As Colorado Springs police investigate the city's fourth shooting and second homicide in five days, the realization is starting to sink in: 2017 could become the deadliest in El Paso County history.
The latest victim - found dead Monday night at a business on East Platte Avenue - is being investigated as the city's 25th homicide. Those cases, combined with the county's six killings, match the five-year average of 31. This year already has seen the fourth-most homicides over the past 10 years, with two months left in 2017.
If the current pace of about three homicides a month holds, El Paso would end the year with 37 homicides, elevating it to the second-deadliest year on record, behind 2013's 43 slayings.
"In a short amount of time, having that many shootings is clearly unique for Colorado Springs," Lt. Howard Black said of the recent gun violence. But he couldn't speak to what's driving the violence, calling each event too "different" and "unique" to draw conclusions.
"Violence isn't just a police issue," Black said. "It can be a community issue. We all have some level of responsibility as a community to come together to help solve issues of violence."

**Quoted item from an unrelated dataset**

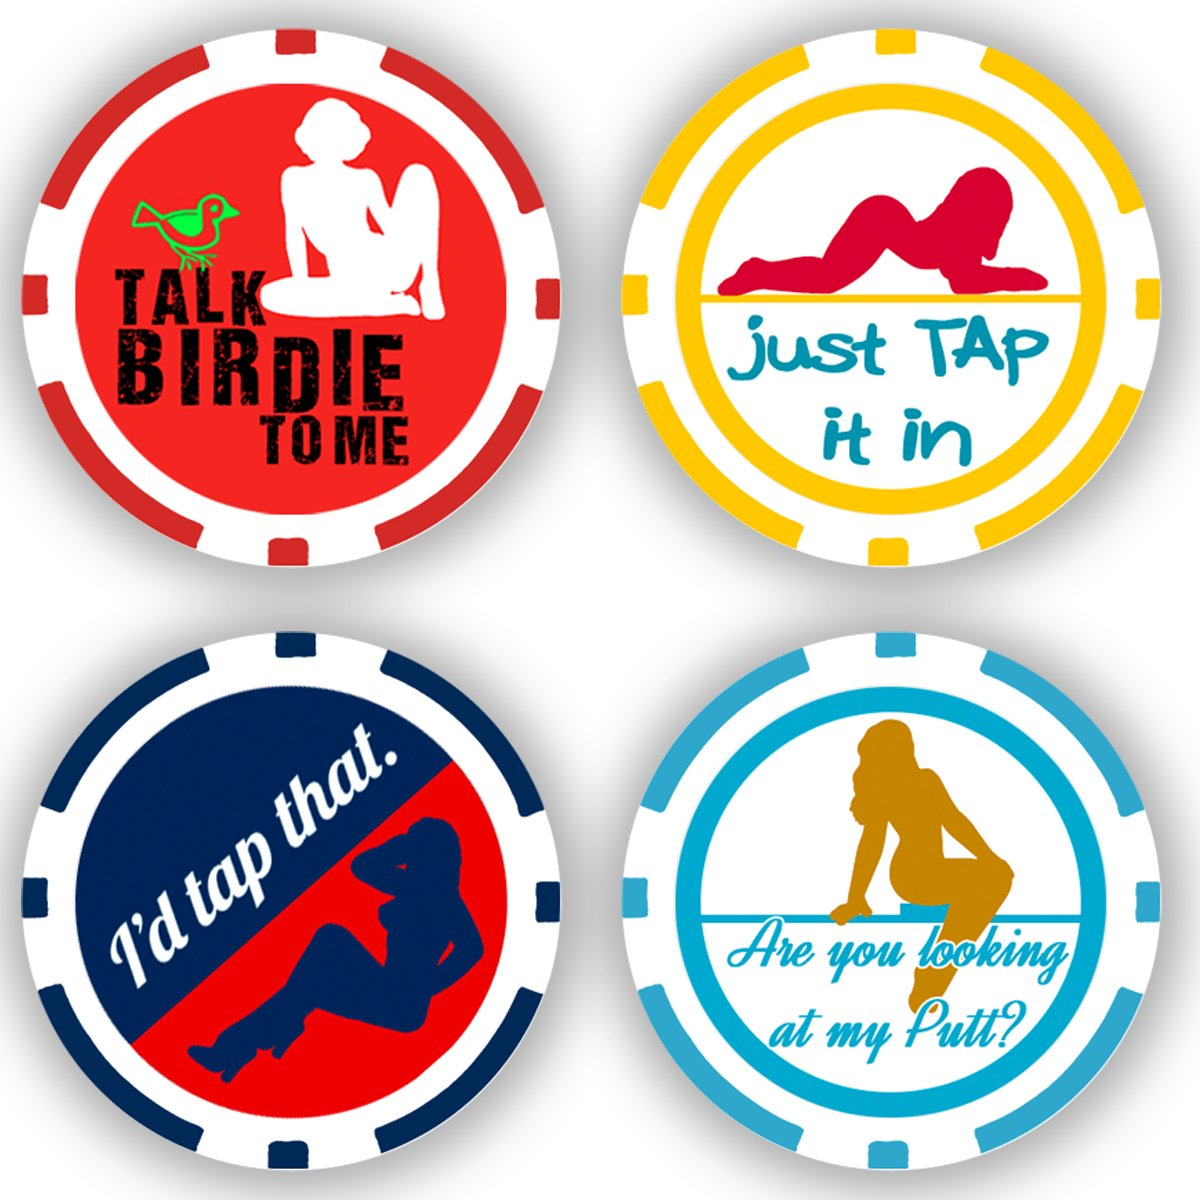 DA VINCI Golf Ball Marker Poker Chip Collection, 11.5 Gram Chips

Police repeatedly stress that there is no way to predict how deadly a year will be.
For example, 17 homicides were reported in the first five months of 2009, but the year ended with a record-tying low of 25. Other years start slow but end high; 2016 had no homicides until April but 30 by year's end.
Multiple-death cases also can skew numbers.

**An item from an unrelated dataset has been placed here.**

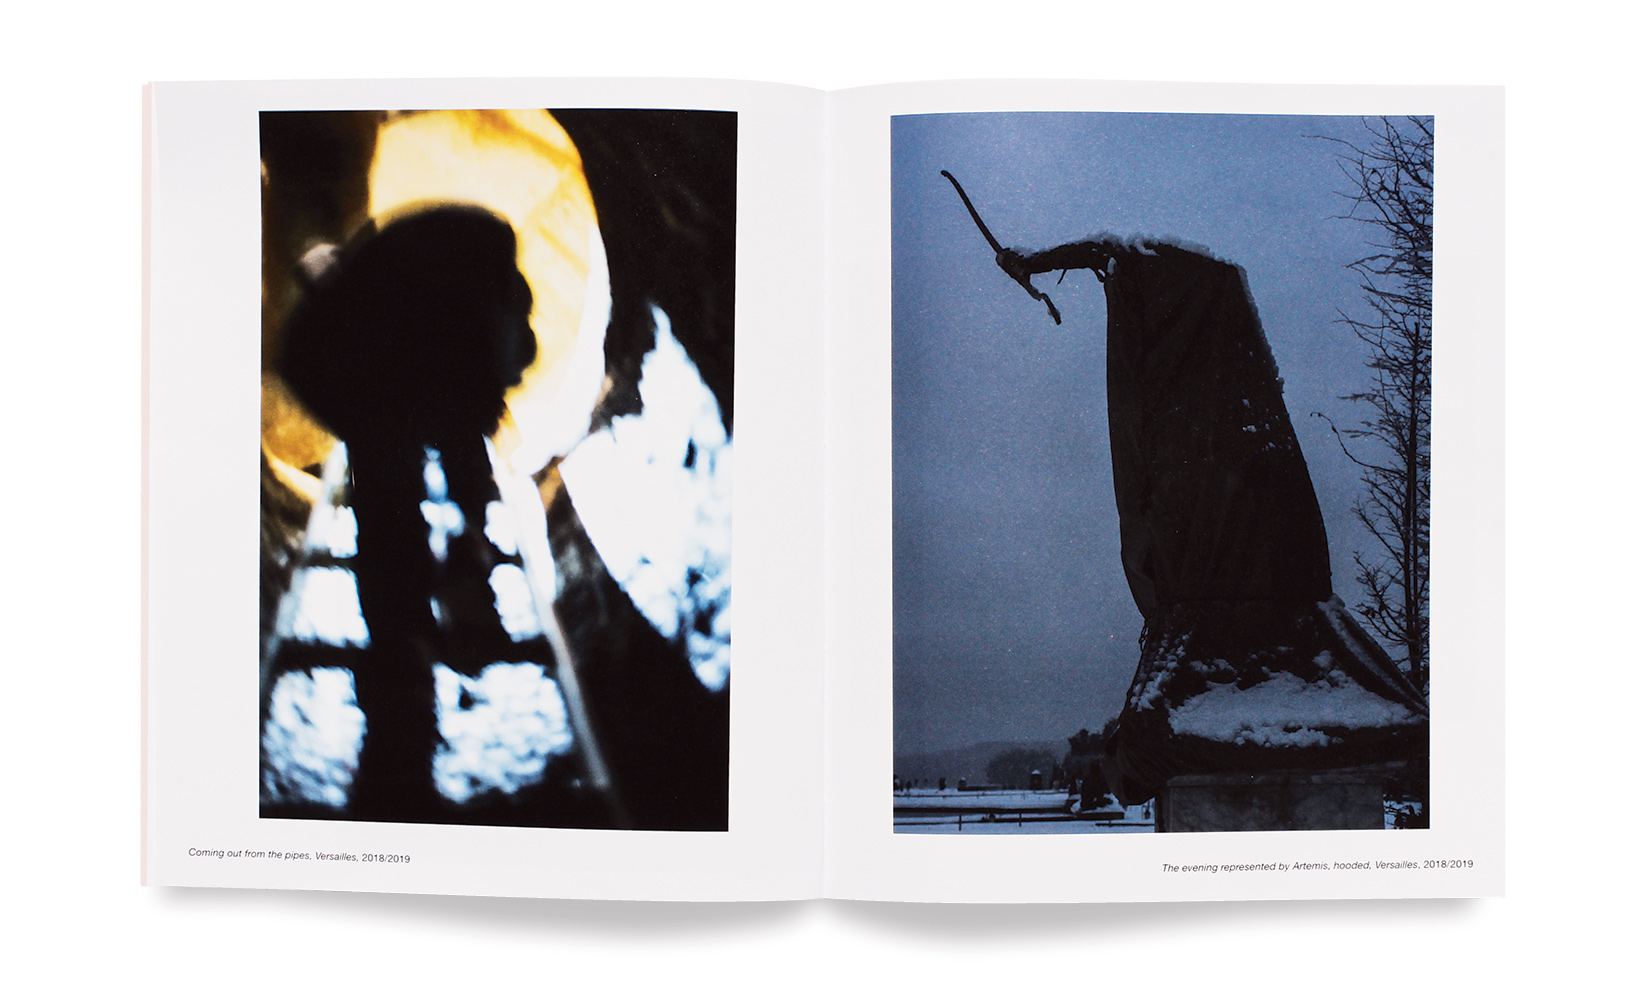 versailles-visible-invisible-toluca-studio-olivier-andreotti-NAN-GOLDIN-5.jpg

While there was only one double-killing last year, four events this year have resulted in nine deaths: Lucero Badillo Castillo, 26, and her children Laela and Rodolfo, ages 5 and 8, were killed in a suspected murder-suicide in January; friends Natalie Cano-Partida, 16, and Derek Greer, 15, were found dead in March; Barbara Pepper, 53, and son Chris Pepper, 20, were killed in May; and Murphy siblings Noah, 7, and Sophia, 5, were stabbed to death in October.
Whether any of the recent shootings are connected remains to be seen. Black declined to discuss ongoing investigations but said, "We're always looking to see if we have a pattern."
What's also notable among this year's homicides is the age of victims.
While the average age of 2017's homicide victims is 28, slightly younger than the five-year average of 30, eight of this year's victims have been 18 or younger.
In addition to the Badillo and Murphy children dying at the hands of relatives, 6-week old Zayden Ostrander died of neglect. Cano-Partida and Greer were shot to death as part of what prosecutors have described as a possible gang-related scheme. Nathaniel Czajkowski, 16, was killed Sunday in a shooting near a fast-food restaurant. He and two friends, who were wounded, had earlier attended a party where three others were shot and wounded.
The county hasn't had more than four victims younger than 18 since 2011, when nine children were killed - six of them age 1 or younger, records showed.
Recently released police statistics showed juvenile crime has not significantly increased over the past five years. Arrests were relatively steady, and drug/narcotic and liquor law violations actually plummeted. Motor vehicle thefts and kidnappings slightly increased.
Minors also don't appear to be pulling the trigger on violence more often.
Two juveniles were accused of murder in 2014 and 2016, none in 2015, and three in 2013. Teens also have been accused in three killings this year, police records show.
So why are young people dying?
Police can't say.
Black said police haven't seen enough evidence, nor has enough time passed, to point to any trends.
Information relayed by Coronado High School students who attended the party on Soft Breeze Way, where gunfire first erupted Sunday, said the shooting started during a fight between rival gangs.
Black declined to speak to any gang connection but said detectives are fervently pursuing answers. Though suspects have not been identified in any of the shootings over the past week, Black said, "none of these cases are dormant in any way."
"We're still actively evaluating all of the interviews and evidence," he said. "The most important part of doing this level of casework is keeping the integrity of the case until all leads are exhausted, especially when we're still interviewing suspects.
"We want them to be able to tell us what occurred, not what they're reading or seeing on the news."